See all supported languages here or use the CLI:
$ python3 utils/CLI.py [-s | --supported-languages]
Supported Languages:
* English
* Latin
* Spanish
* Italian
...
To simplify the scope of the tool, you will have to manually download your desired language's "Senses with part-of-speech" for the Nouns and Adjectives. To do that and simplify:
- On the "List of kaikki.org machine-readable dictionaries", select the desired langauge/s from the "Available languages" list.
- Inside the language's dictionaries, browse inside the "Word sense lists" for the "Senses with part-of-speech Noun" and "Senses with part-of-speech Adjectives".
- Inside of them, under the list of all words senses, you will see a "Download JSON data for these senses (xx.xMB)". Download it.
- Rename the noun file to
[lang]_noun.kds
and save it inside thesets
folder. - Rename the adjectives file to
[lang]_adj.kds
and save it inside thesets
folder.
(The extension .kds
stands for Kaikki Dictionary Set and it should be treated as a JSON file)
To make it easier to understand, for example, I will go step by step to manually download the word sets for the English language:
- Go to the "List of kaikki.org machine-readable dictionaries" and select "English (1397862 senses)".
- Inside the "Word sense lists", I download the JSON data for all the senses from the "Senses with part-of-speech Noun (778087)" and "Senses with part-of-speech Adjective (187458)".
- The nouns JSON file gets renamed to
en_noun.kds
and the adjectives toen_adj.kds
. - After that, you manually move those two files inside the root of the directory
sets
. - Run the script or do whatever you wish to.
- Cursed/bad words are not filtered correctly (to get around this issue, you can use "Bad words list" or "List of Dirty, Naughty, Obscene, and Otherwise Bad Words" to later filter it)
- Does not differentiate dialects (e.g.
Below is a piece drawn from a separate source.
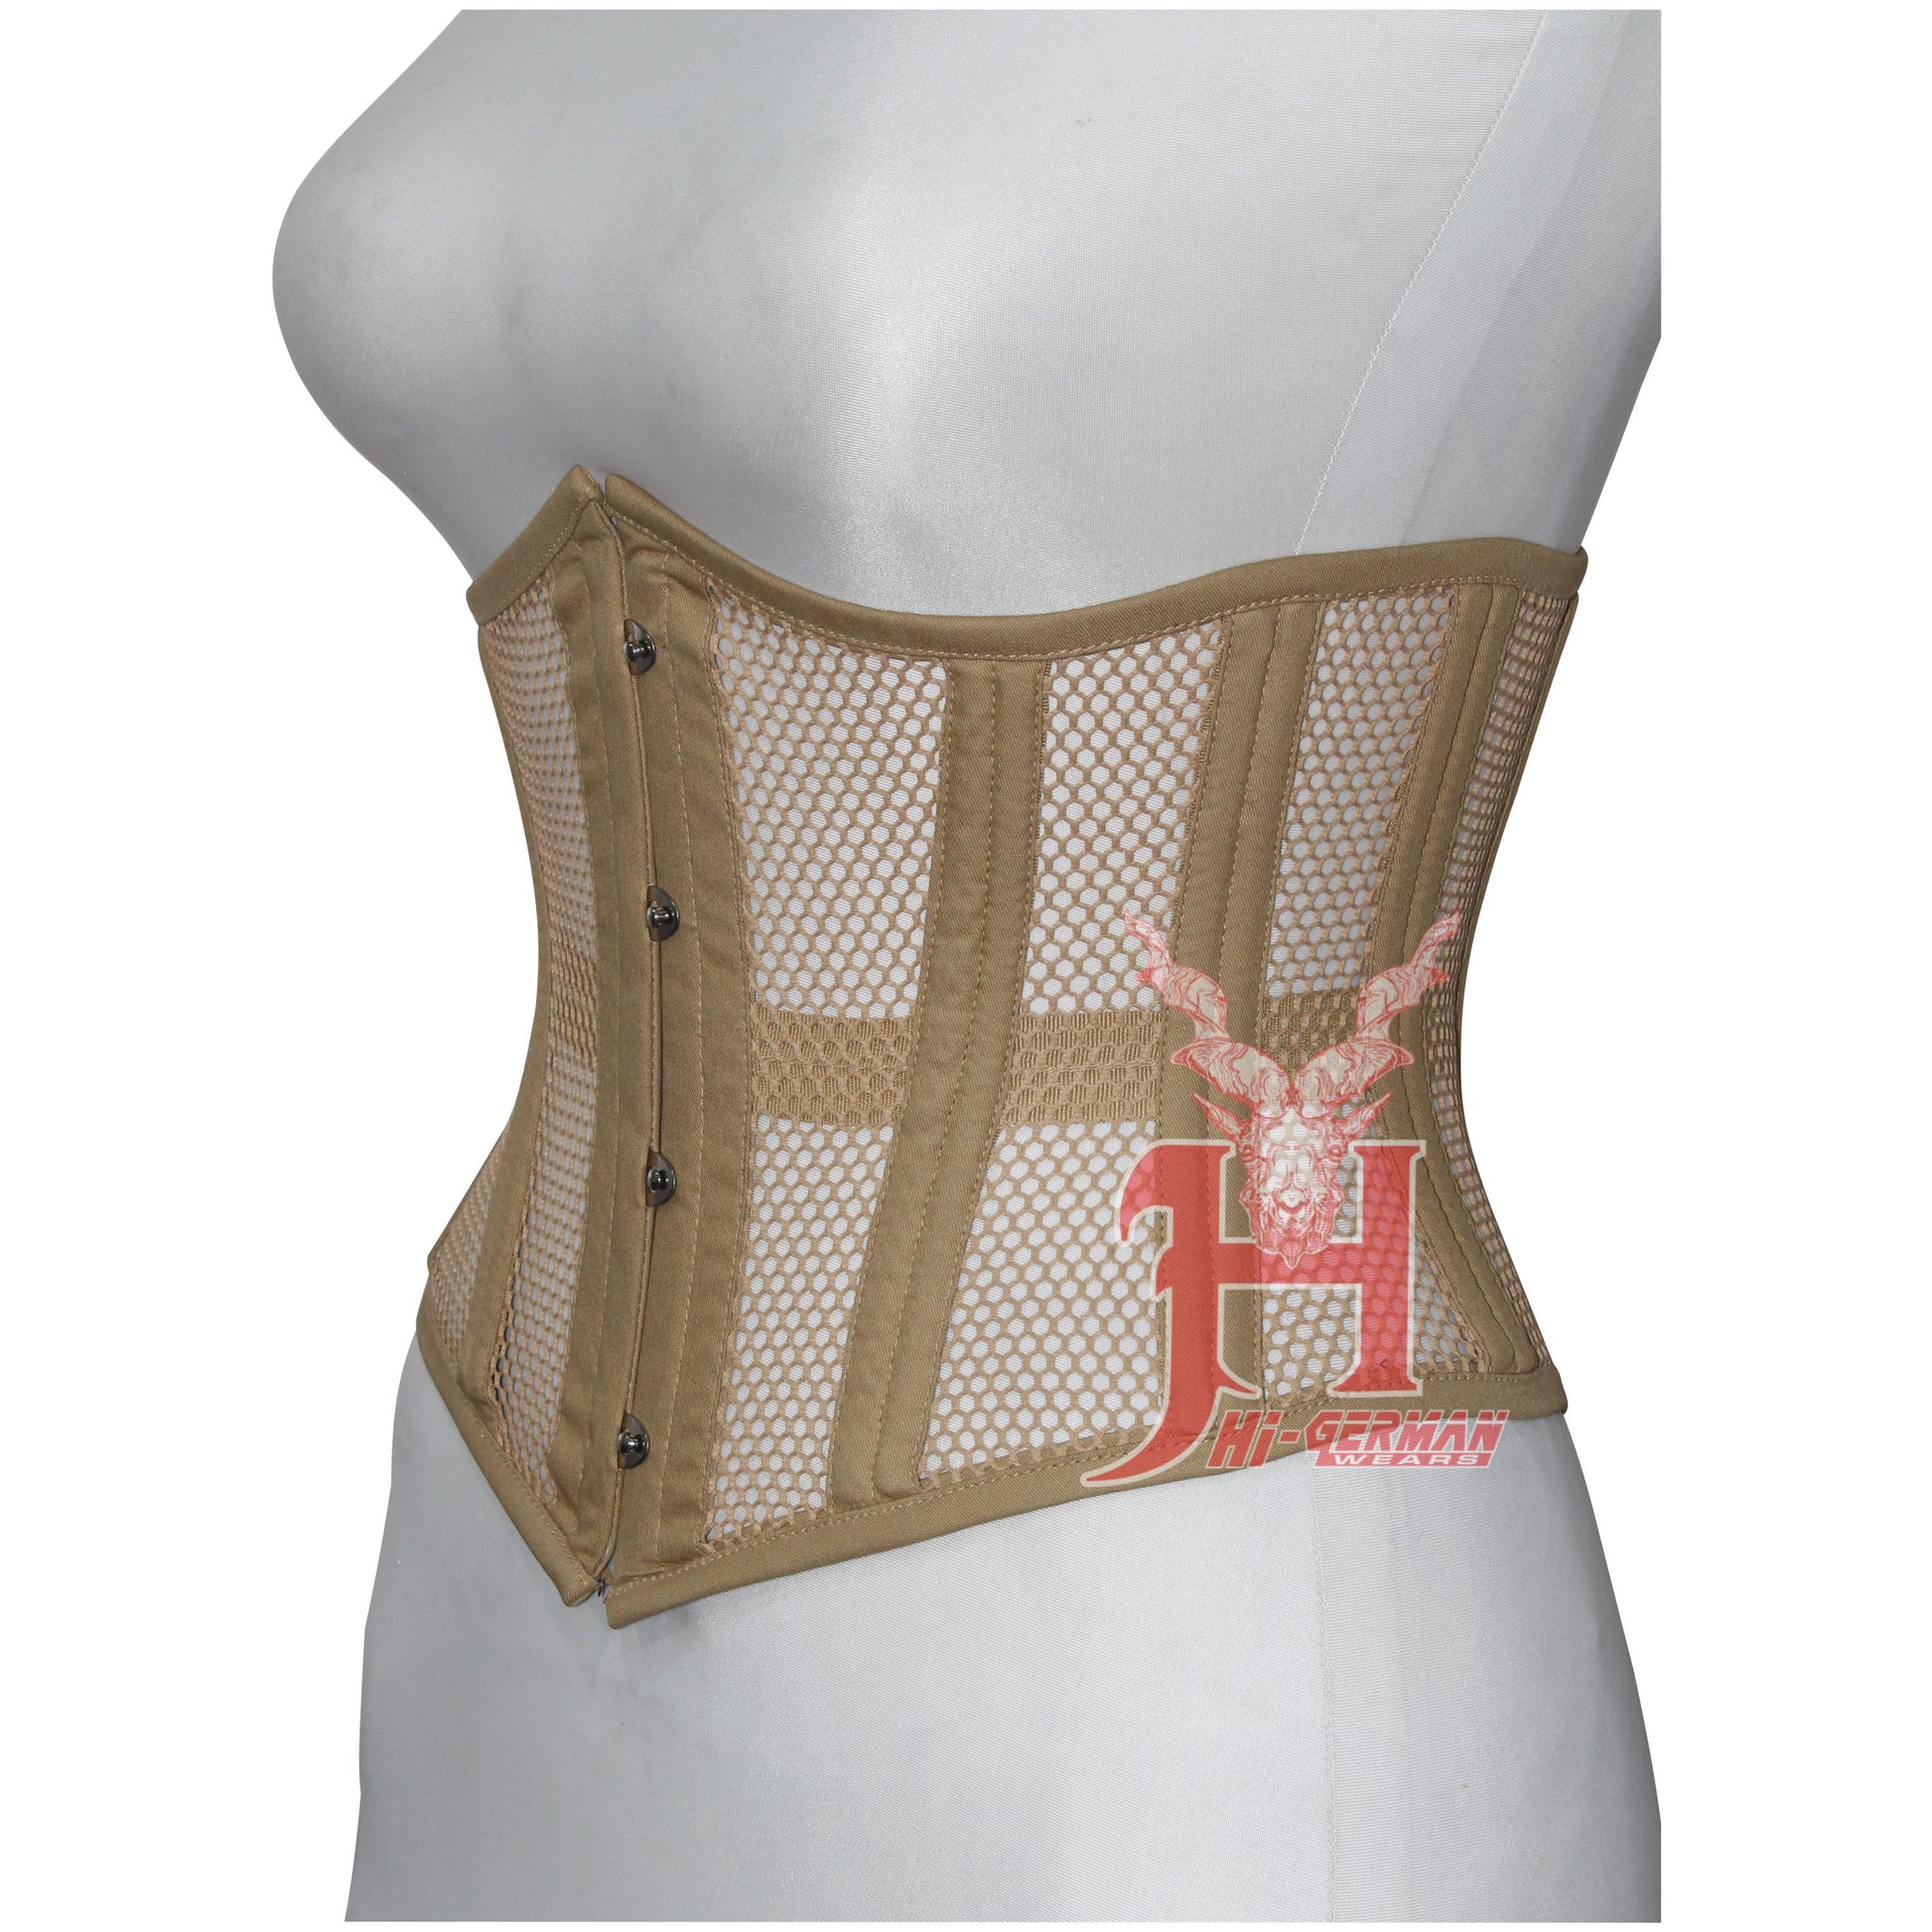 Body corset Basic Shaping 3508 (nu) de Chantelle. BMI.

American and British English)
- Sometimes single letters can not be filtered as they "mean" something (eg. the meaning of "a" is "letter A")
- Some words are wrongly categorized (eg. a noun that is a suffix or a verb)
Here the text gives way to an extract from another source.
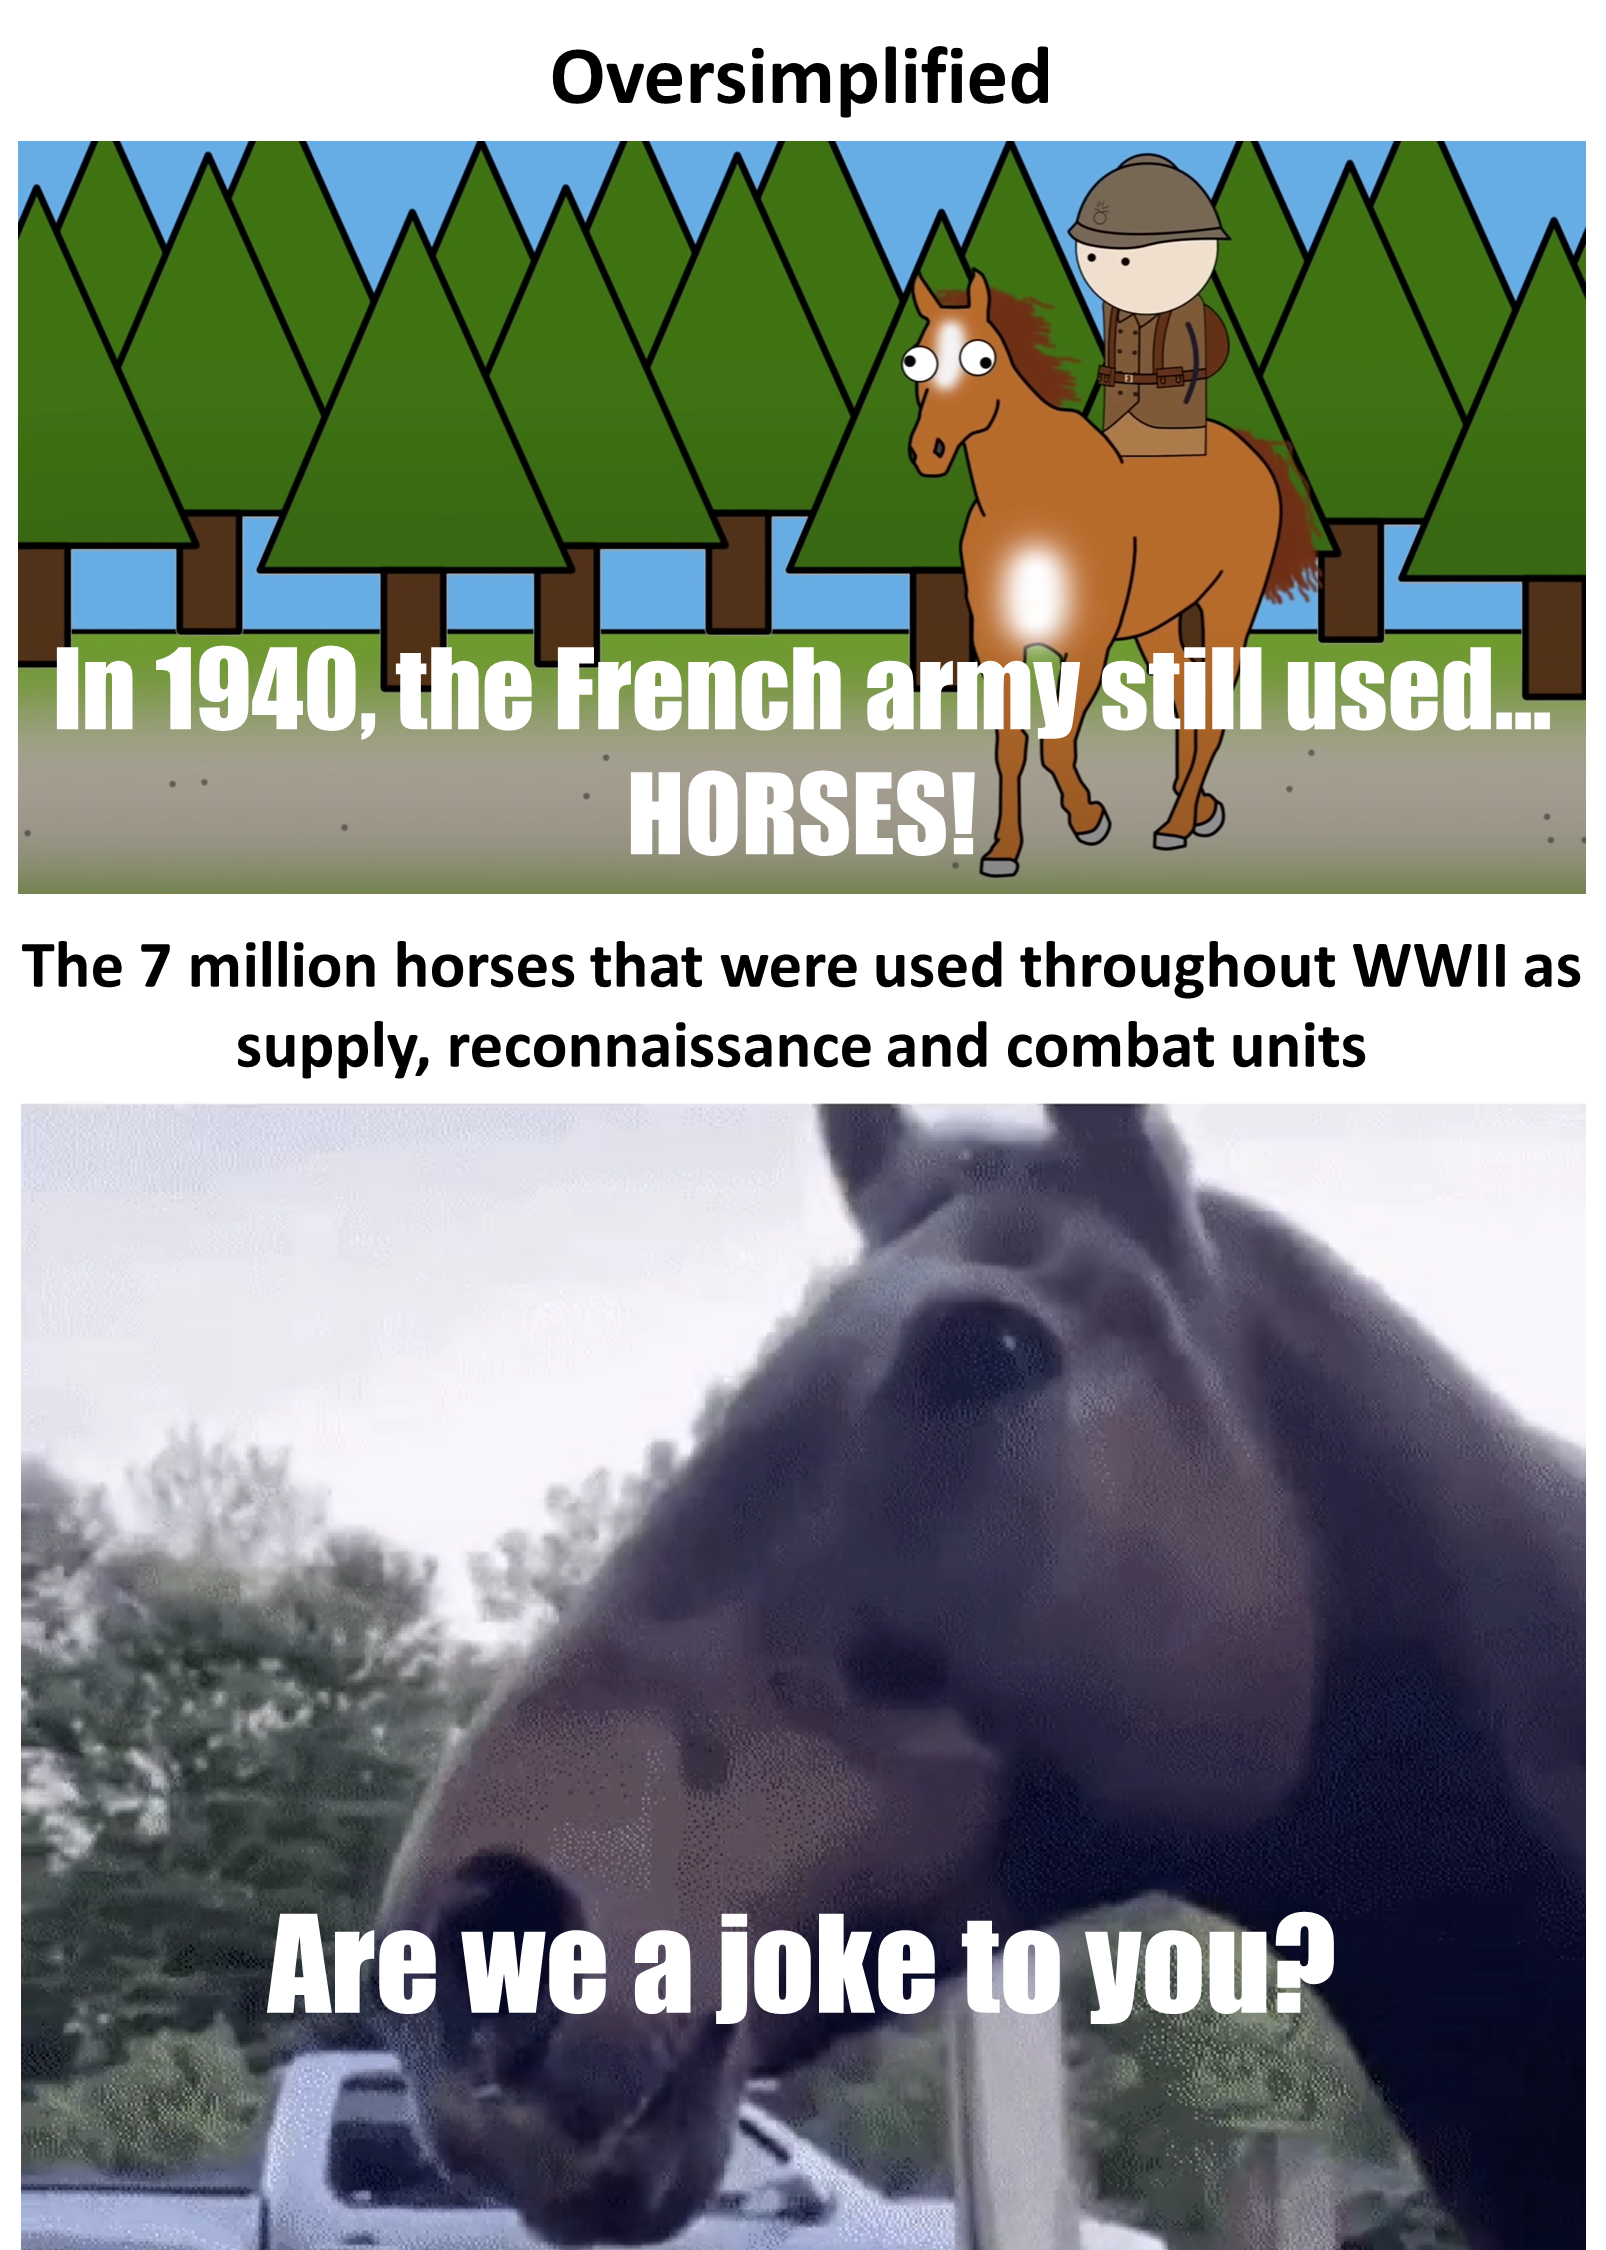 War horses were still a thing back then...

- Filtering removes any spaced words
- Filtering removes any word with not commonly used Unicode symbols and was not tested with all languages, you might need to tweak it
- Filtering is highly dependent on tags (no tags for a word, filtering just allows that word)
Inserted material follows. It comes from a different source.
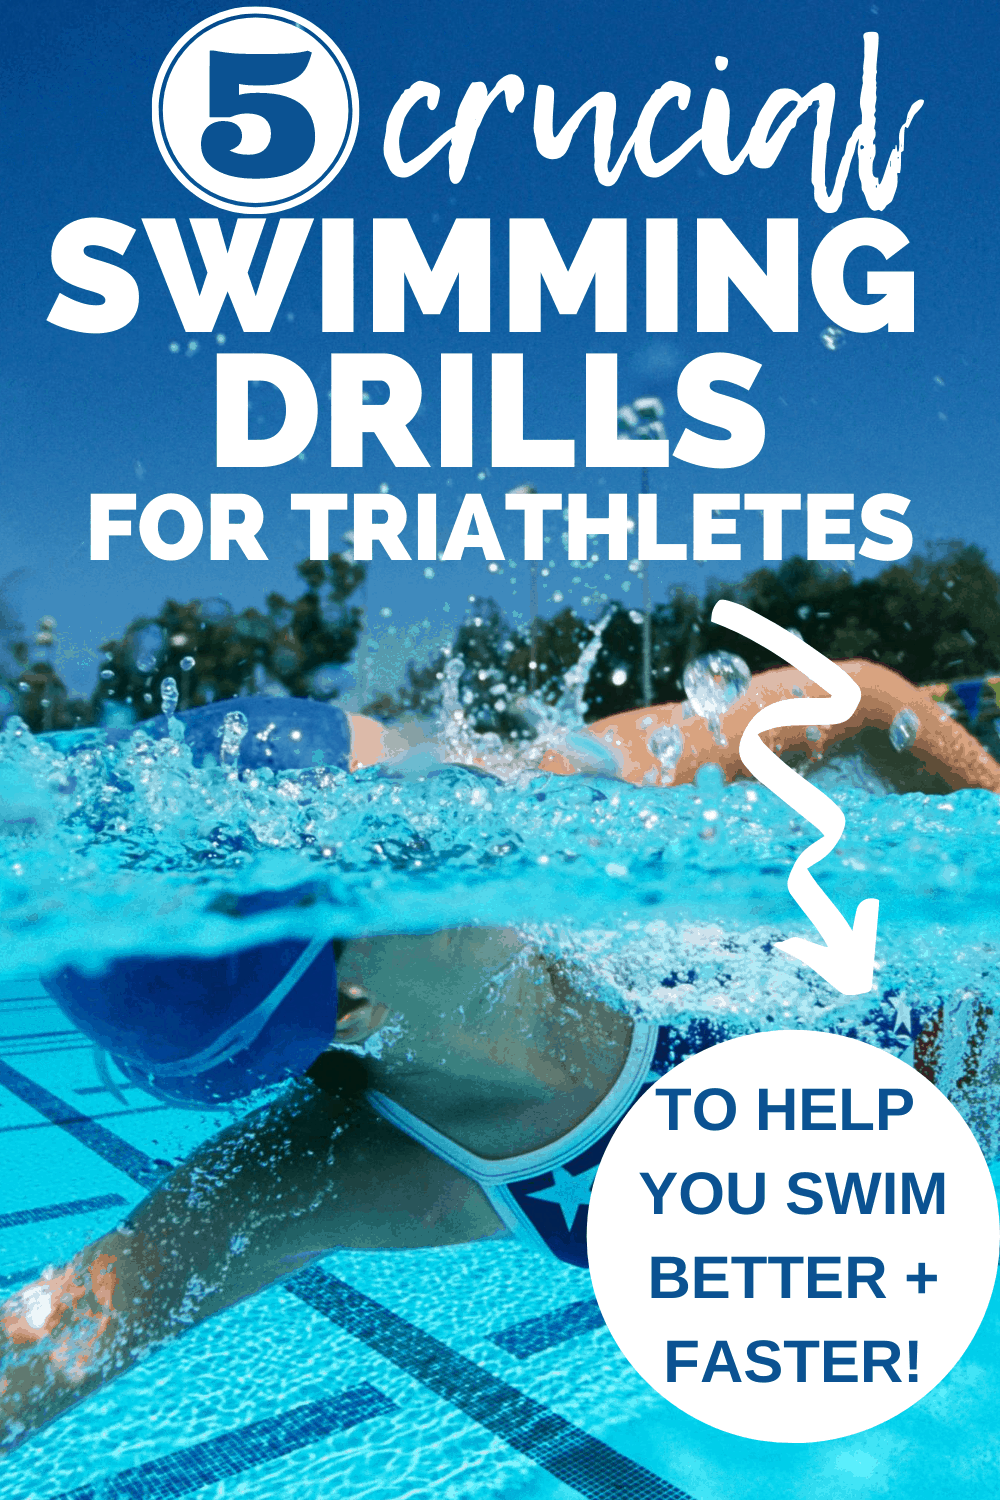 Swim form tips for triathletes: Fall warm up drills that improve technique  - Triathlon Magazine Canada

- Filtering removes any hyphenated word with more than two hyphens (and also causes the next issue).
- May not work properly on syllabary-based languages
- Not tested with "Dictionaries for historical languages"
This project is licensed under the MIT license (MIT). But as this project uses content extracted using Wiktextract from the Wikimedia Foundation, may differ on licenses. See the LICENSE file for more details.